Metadata-Version: 2.1
Name: pathsim
Version: 0.4.9
Summary: A differentiable block based hybrid system simulation framework.
Home-page: https://github.com/milanofthe/pathsim
Author: Milan Rother
Author-email: milan.rother@gmx.de
Classifier: Programming Language :: Python :: 3
Classifier: License :: OSI Approved :: MIT License
Classifier: Operating System :: OS Independent
Requires-Python: >=3.6
Description-Content-Type: text/markdown
License-File: LICENSE.txt
Requires-Dist: numpy
Requires-Dist: matplotlib
Requires-Dist: scipy

# PathSim: A Time-Domain System Simulation Framework


## Overview

PathSim is a flexible block-based time-domain system simulation framework in Python with automatic differentiation capabilities and an event handling mechanism.
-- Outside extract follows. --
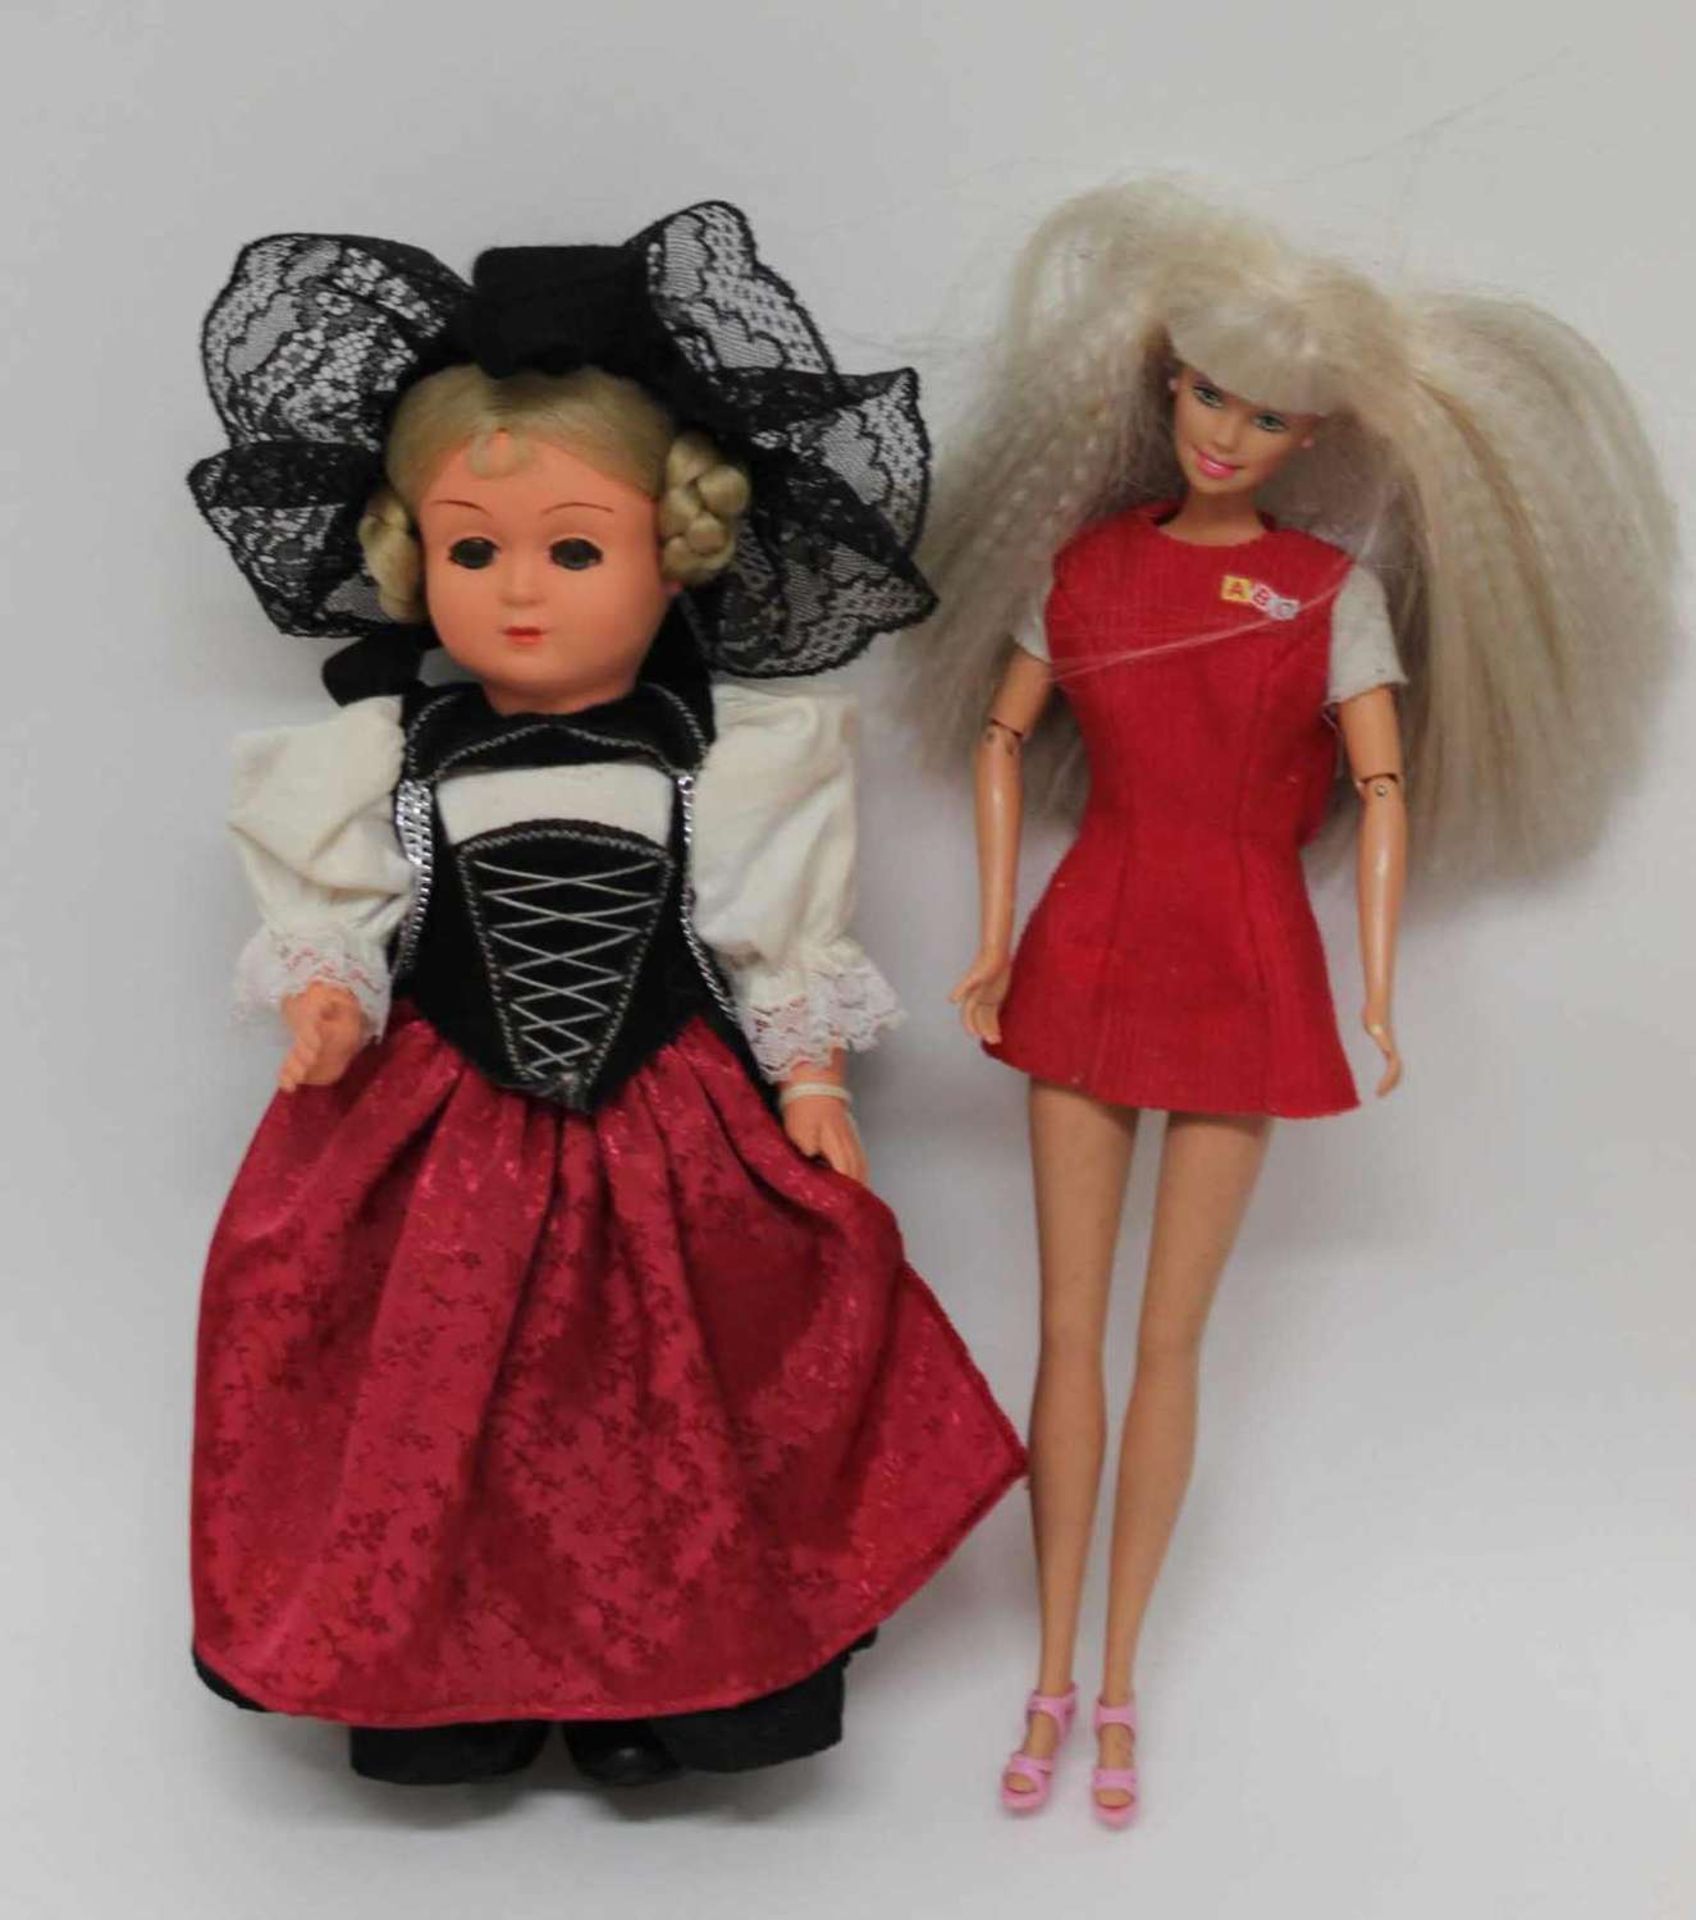 1 alte Barbie, im roten Kleid "ABC", Armgelenke beweglich, sowie 1 Trachtenpuppe "Costume Dolls /

It provides a variety of classes that enable modeling and simulating complex interconnected dynamical systems similar to Matlab Simulink but in Python!

Key features of PathSim include:

- Natural handling of algebraic loops
- Hot-swappable blocks and solvers during simulation
- Blocks are inherently MIMO (Multiple Input, Multiple Output) capable
- Blocks are "physicalized" and manage their own state, i.e. reading from the scope is just scope.read()
- Scales linearly with the number of blocks and connections
- Wide range of numerical solvers, including implicit and explicit very high order Runge-Kutta and multistep methods
- Modular and hierarchical modeling with (nested) subsystems
- Event handling system that can detect and resolve discrete events (zero-crossing detection)
- Automatic differentiation for fully differentiable system simulations (even through events and for stiff systems) for sensitivity analysis and optimization
- Library of pre-defined blocks, including mathematical operations, integrators, delays, transfer functions, etc.
- Easy extensibility, subclassing the base `Block` class with just a handful of methods

All features are demonstrated for benchmark problems in the `example` directory.

## Installation

The latest release version of pathsim is available on [PyPi](https://pypi.org/project/pathsim/)  and installable via pip:

```console
$ pip install pathsim
```

## Example - Harmonic Oscillator

Here's an example that demonstrates how to create a basic simulation. The main components of the package are:

- `Simulation`: The main class that handles the blocks, connections, and the simulation loop.
- `Connection`: The class that defines the connections between blocks.
- Various block classes from the `blocks` module, such as `Integrator`, `Amplifier`, `Adder`, `Scope`, etc.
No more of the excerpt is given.